Apenas consideraremos a causalidade na linha da eficiência, a qual é, aliás, aquela onde esta noção se encontra mais normalmente posta em questão pela crítica. Nessa linha, duas provas principais, uma mais particular, outra mais profunda, do principio de causalidade podem ser dadas.
– Tudo o que é movido é movido por um outro.
É a formulação aristotélica comum do princípio de causalidade. Numerosas justificações podem ser dadas no plano físico. Aqui nos situaremos por completo no ponto de vista da análise metafísica do movimento em potência e ato, onde se atingem imediatamente as razões metafísicas mais profundas. (Cf. Tomás de Aquino, Prima via, Ia Pa, q. 2, a. 3).
Partamos do movimento no sentido global, onde este termo designa toda passagem da potência ao ato, isto é, praticamente todo o devir. Por outro lado, consideremos a existência do movimento como um fato evidente. E eis como raciocinamos.
Todo movimento é uma passagem da potência ao ato.
Ora, um ser em potência não pode ser atuado senão por um ser em ato: de potentia autem non potest aliquid reduci in actu nisi per aliquid ens in actu.
Por outro lado, nenhum ser podendo estar em ato e em potência soba mesma relação, resulta finalmente que a passagem da potência ao ato não pode se efetuar senão sob a ação de um outro que esteja em ato: omne ergo quod movetur opportet ab alio moveri.
– O ser que não é por si é necessariamente por um outro.
Aqui tomamos nosso ponto de partida não mais na mudança, mas no ser que não é por si, isto é, cuja existência não decorre necessariamente de sua natureza ou de sua essência: é o contingente, o qual pode ser ou não ser; todos os seres que nos são experimentalmente dados são seres contingentes.
Consideremos um ser contingente: por si, pode tanto existir como não existir; isto é, sua existência vem de algum modo se acrescentar à sua essência; devido a isto, tal ser é uma união, uma composição de elementos diversos.

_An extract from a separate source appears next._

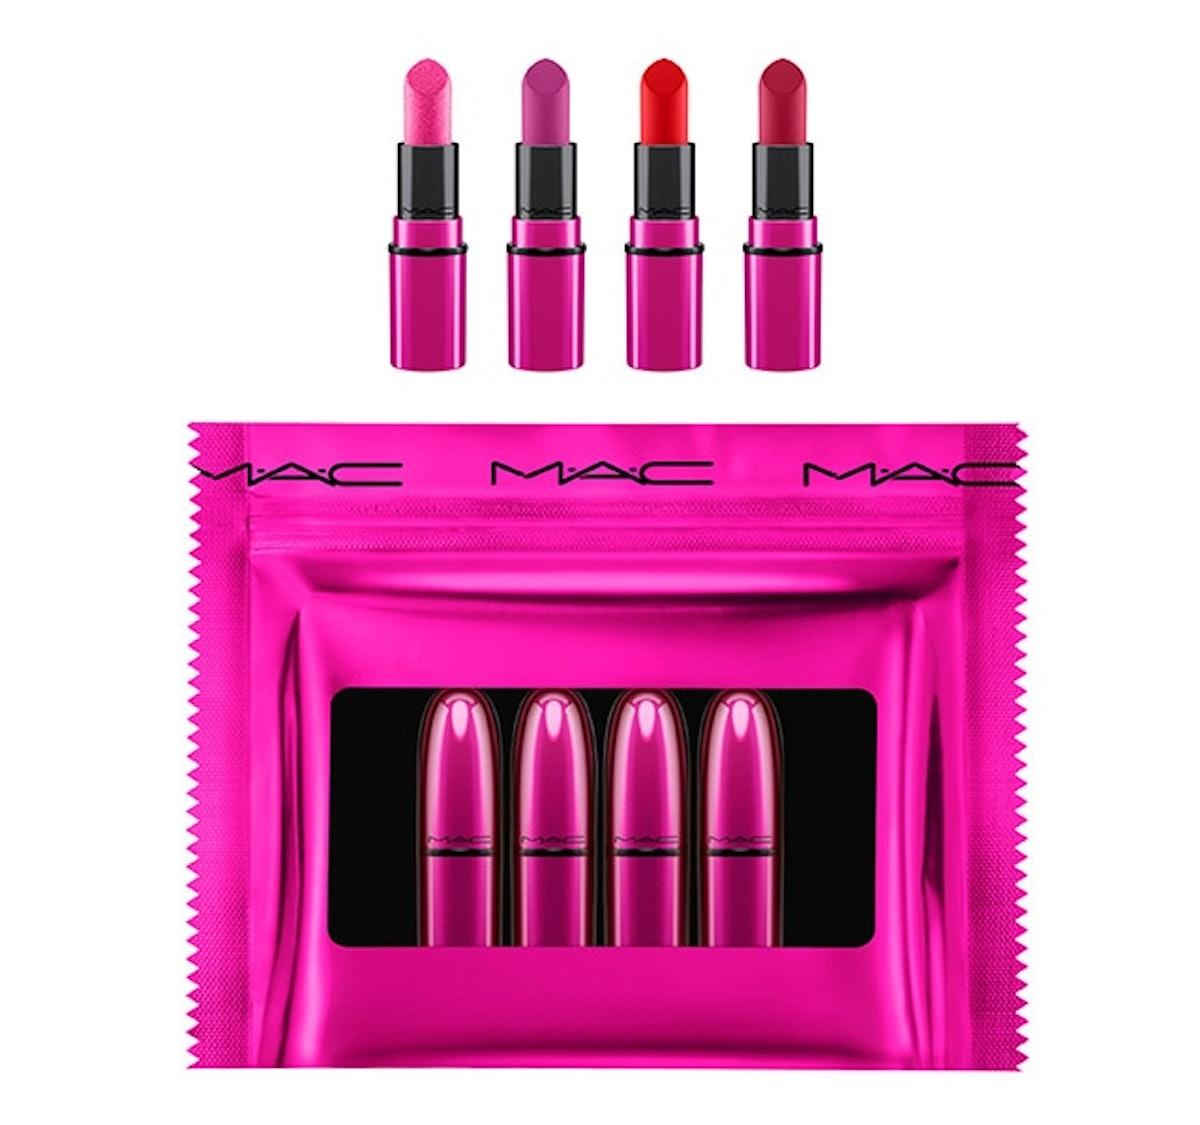 Mini Lipsticks: Brights

Ora, o que é diverso não pode por si constituir uma unidade, a menos que uma causa exterior intervenha para dar a explicação da unidade: “quae enim secundum se diversa sunt, non conveniunt in aliquid unum, nisi per aliquam causam adunantem ipsa” (Ia Pa, q. 3, a. 7). O ser contingente onde se encontra realizada uma tal unificação de elementos diversos requer, portanto, necessariamente uma causa.

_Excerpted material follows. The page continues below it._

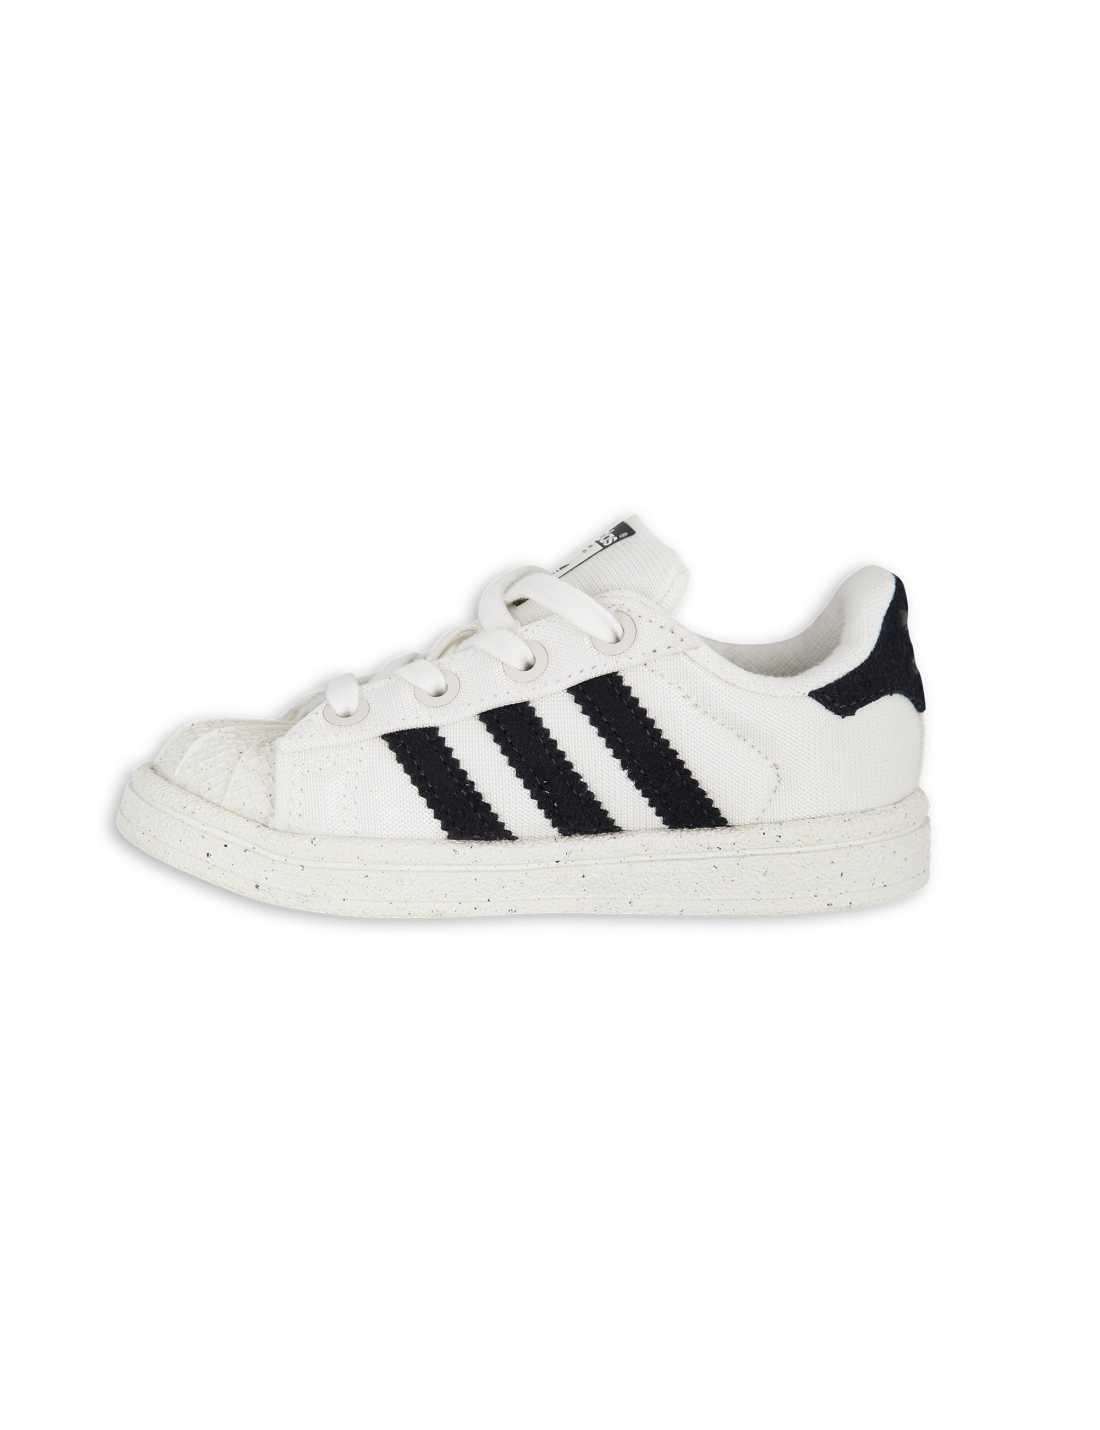 Adidas Originals By Mini Rodini Superstar Shoes

– Justificação pelo princípio de razão de ser.
Reencontramos a mesma conclusão considerando o princípio de causalidade como uma aplicação do princípio de razão de ser.
Todo ser que não tem sua razão de ser por si, tem-na por um outro. Ora, o ser contingente é um ser nestas condições: sua existência não tem sua razão de ser na sua essência; portanto, o ser contingente tem sua razão de ser em um outro, isto é, ele é causado.
– Valor do princípio de causalidade.
Observou-se justamente que o princípio de causalidade não é um princípio estritamente analítico, isto é, que o predicado “ser por um outro” não está contido no seu sujeito “o ser que não é por si”. Em outras palavras, posso muito bem conceber o ser contingente, este objeto que percebo atualmente, sem remontar à sua causa. Entretanto, é preciso estabelecer que, de modo derivado, o princípio de causalidade é uma verdade evidente, pois a causa se segue, como uma propriedade necessária, à natureza do contingente. Desde que compreendi o que é “o ser que não é por si” e “o ser que é por um outro”, vejo que há implicação destes dois termos, “o ser que não é por si é por um outro”
“licet habitudo ad causam non intret definitionem entis quod est causatum, tamen sequitur ad ea quae sunt de ejus ratione, quia ex hoc quod aliquid per participationem est ens, sequitur quod sit causatum ab alio. Unde hujusmodi ens non potest esse quin sit causatum, sicut nec homo quin sit risibilis”.
Ia Pa, q. 44, a. 1, ad 1
No fundo, esta constatação repousa sobre a impossibilidade em que se encontra “o ser que não é por um outro” em se ver multiplicado. ” O ser que não é por um outro”, com efeito, não pode ser senão “por si”. E portanto o contingente, se não fosse causado seria um “ser por si”; haveria, por conseguinte, vários “ser por si”. Mas, por outro lado, “o ser por si”, aquele cuja natureza é ser, deve ser único, pois o ser infinito não pode ter semelhante: não há vários Deuses. Há, pois, contradição. [Gardeil]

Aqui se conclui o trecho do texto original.